Now comes the visit of Nick (Jesse Eisenberg,) Roger's 16-year old nephew from Ohio, in New York City to prospect universities. Impressed by his uncle's womanizing, Nick, still a virgin and anxious, asks for advice on seduction. He gets it, in spades. Roger then proceeds with the carnal education of the boy. It includes the need for drinking, as "alcohol has been a social lubricant for thousands of years." Ho, hum.

All the while the camera keeps bobbing up, down and sideways, uses big lens-stops that throw too much foreground out of focus and make it an abstract obstacle, while Roger's logorrhea makes "My Dinner With Andre" positively feel Shakespearean.

Two beautiful girls in a bar become the testing components of Nick's schooling: Jennifer Beals (close to 40) and Elizabeth Barkley(30.) They are chic, sophisticated in sex and NewYorkerisms, rather over-painted and -lipsticked, their social and sexual status unclear.

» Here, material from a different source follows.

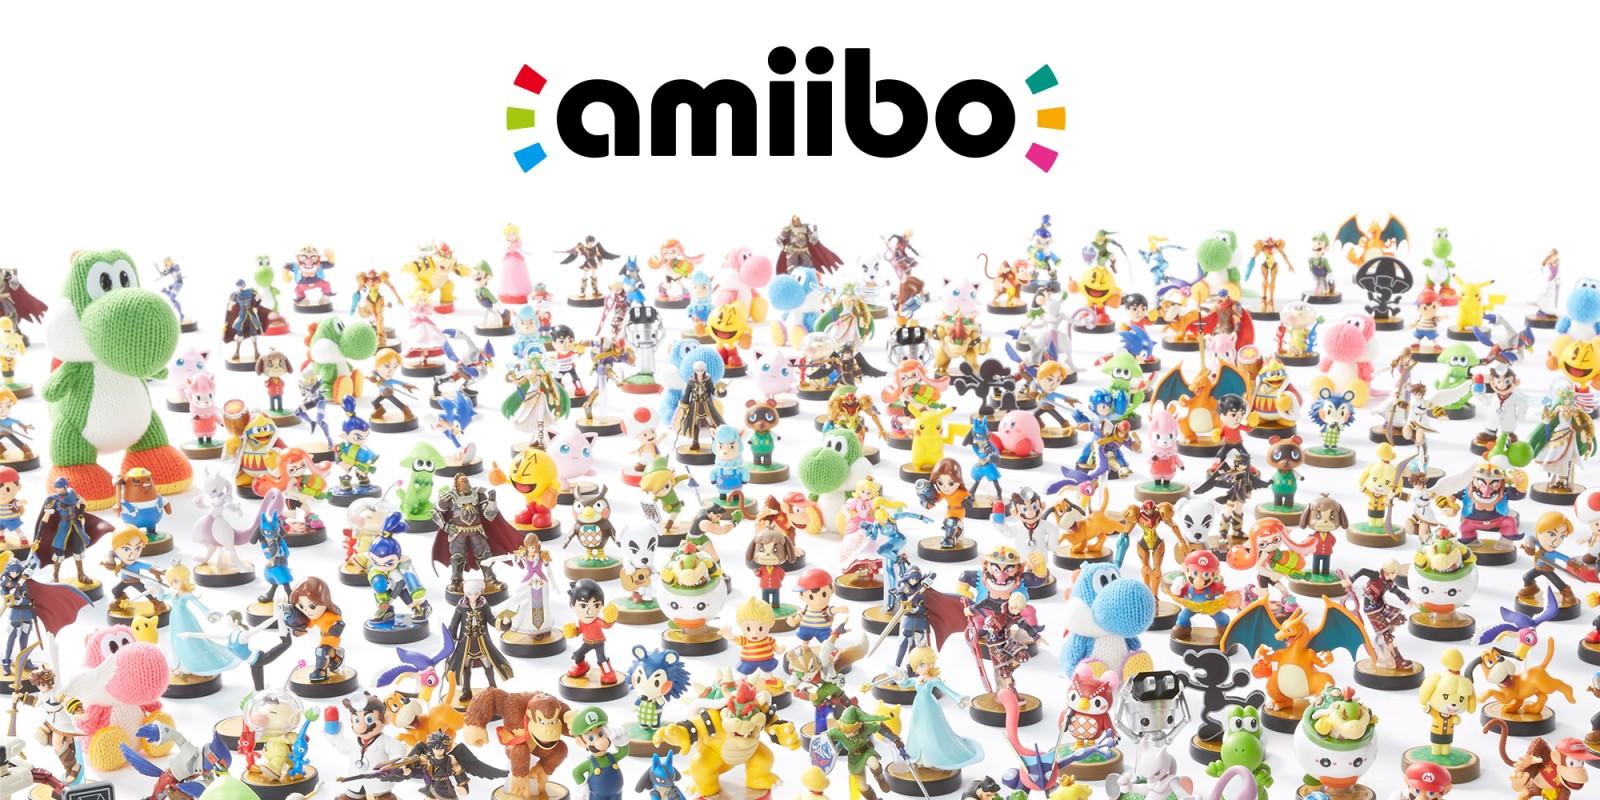 H2x1_Amiibo_main_image1600w
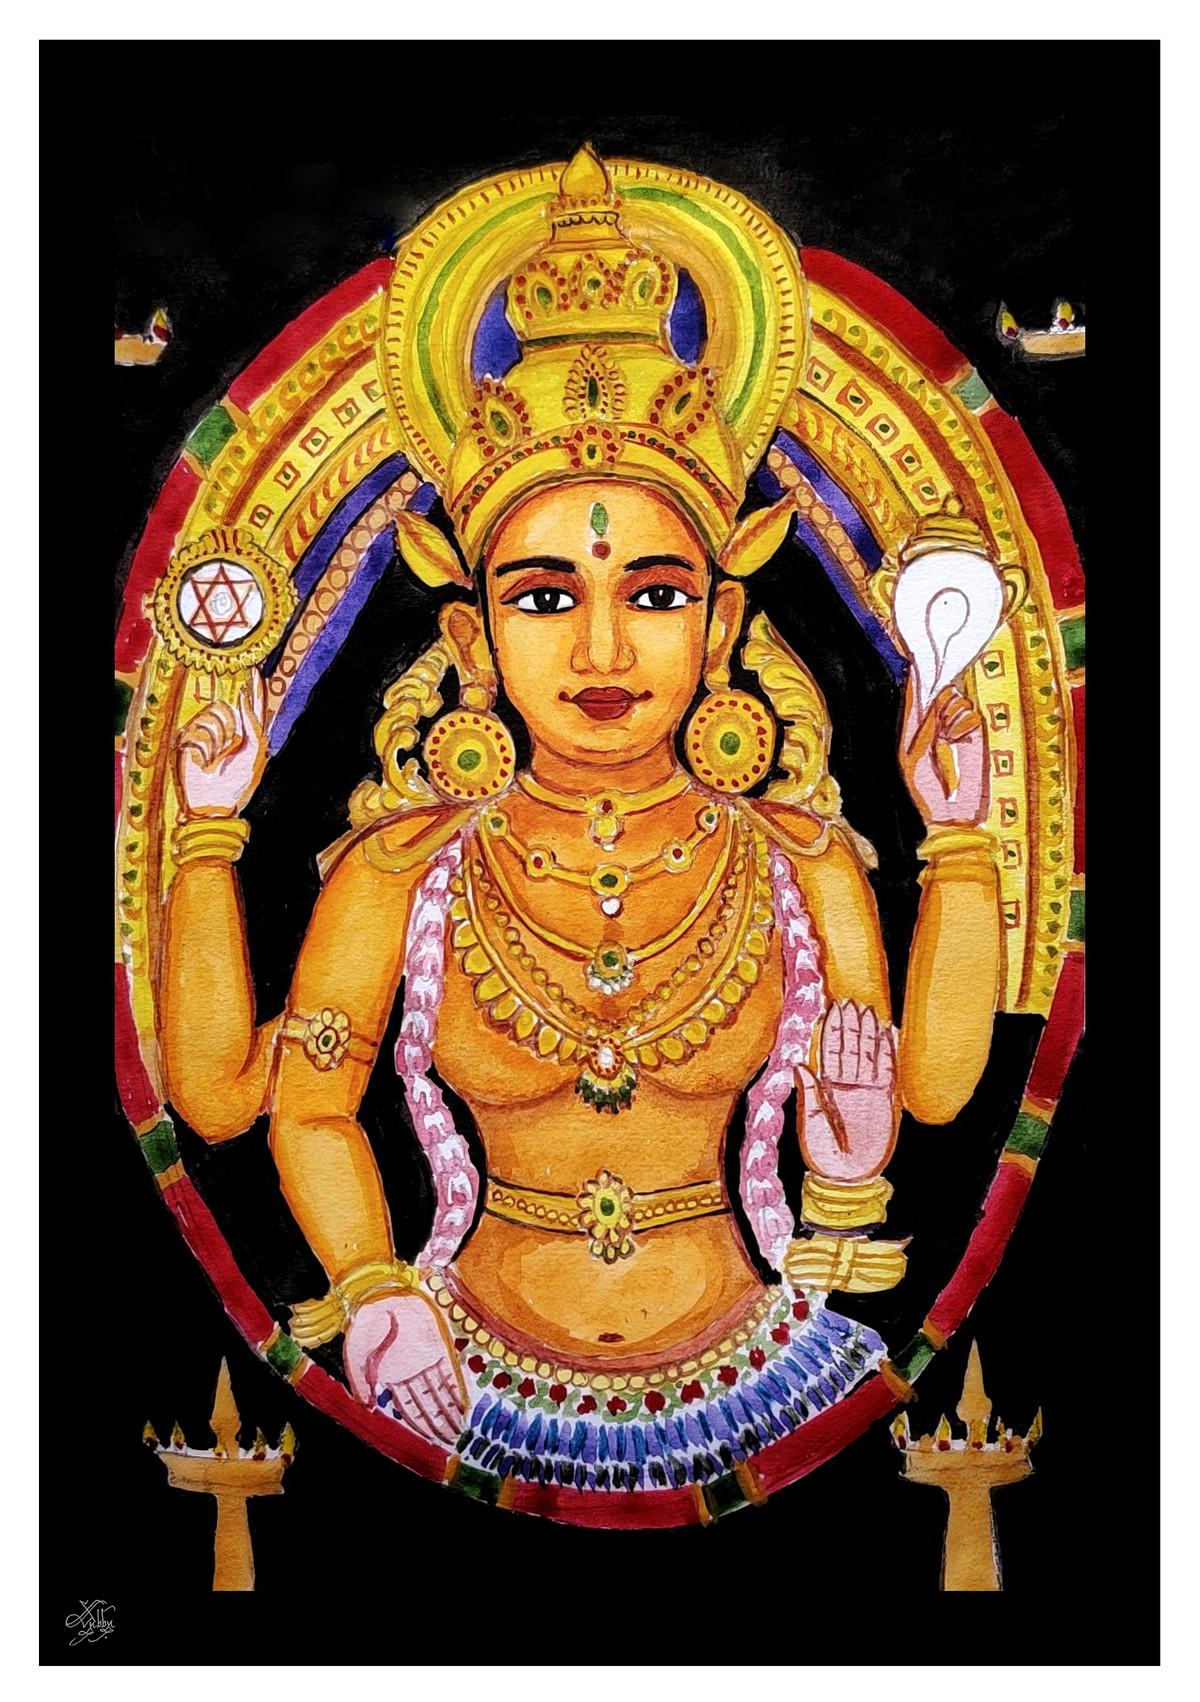 Chottanikkara Amma by Subbaraman Nurani, Traditional Painting, Watercolor on Paper, Di Serria color

Those sequences end with the women liking the young man but departing with an insult for Roger.

He moves to Plan B for the deflowering of Nick, by crashing a party, then taking the boy in a bordello in what could be New York's catacombs. The night shots add more claustrophobia as well as Newton's rings (a technical term in photography) to the depressing sites and sights. We need Army nightgoggles by now. The missions fail. After Nick's return to Ohio, there is, at the school cafeteria, an unnecessary, tacked on reappearance of advice-dispensing Roger. Adieu Roger, and good riddance!

P.S. There will be a marked improvement for the audiences when the movie is exported and subtitled in various languages. This will help it further as the darkness of so many images will make the subtitles stand out clearly.